I recenty picked back up with intent to finish Charles O. Hartman's Free Verse: An Essay on Prosody (after a shortened first start). Ultimately, I stopped reading it because I felt I was reading it mostly to develop arguments against Hartman rather than learn from him. Though, to understand that, most of what I found problematic with Hartman lay behind the arguments: things like unrecognized contradictions, or making a statement about the subject and then making another statement that seems to wholly forget the first was made.
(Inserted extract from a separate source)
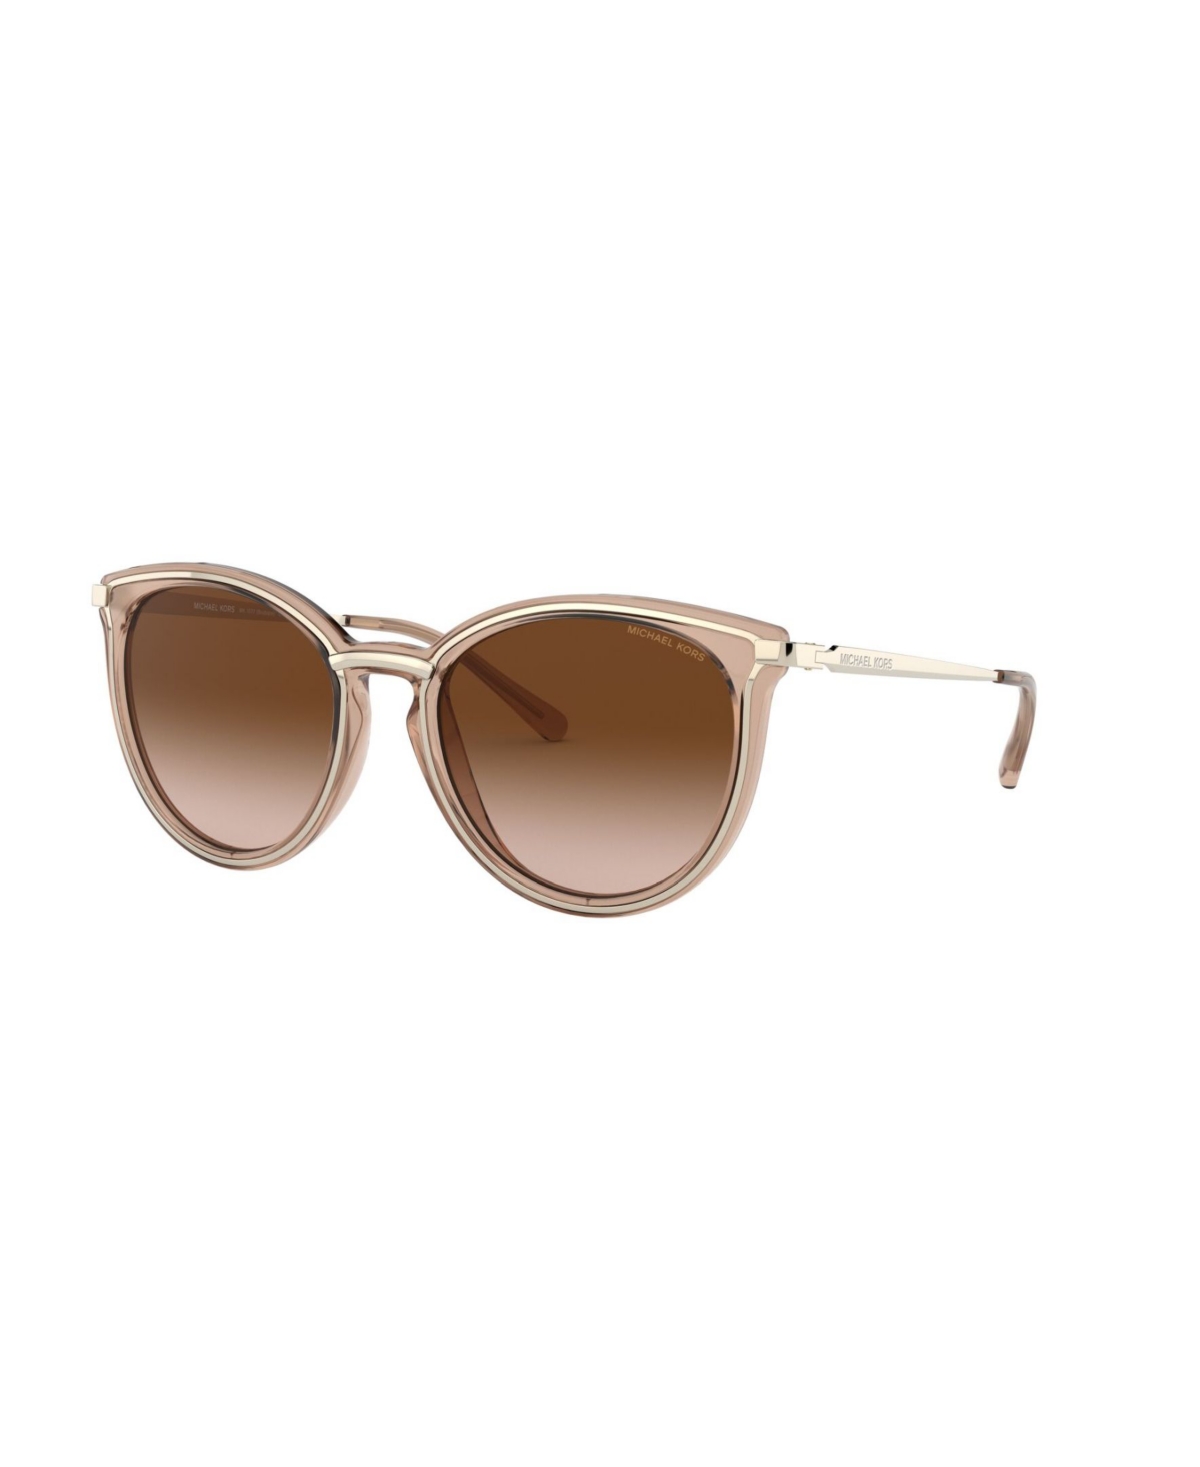 Michael Kors Sunglasses, 0mk1077 In Gold Brown

One example of a statement made which didn't seem to deeply inform the rest of the book (insofar as I read it) was what may be the most intriquing and informing moment in the book:

[A]ll linguistic stress, in speech as well as verse, is relative stress. (36)

Which may sound obvious, but is actually quite profound in that it adds a depth to the fundamental observation about metered verse: There are two levels operating within verse: the abstract, measured pacing of the meter, and the sound of the text read as language. In any good verse the two operate in conjunction with each other to create the resonance and depth of sophisticated metered poetry.

Adding on the observation by Hartmann brings us to the realization that as such, the line in the poem refered to above


Can still be read a iambic pentameter, even though the spoken stress on "pour" is stronger than on either "still" or "clean" -- so long as reader hears that the stress put on "pour" is wholly created out of the natural inflections of language, and hears that the word is also unstressed within the musical rhythm of the meter.

An observation with very fascinating possibilities. (Though for me still but an observation, yet to be tested to any great measure.)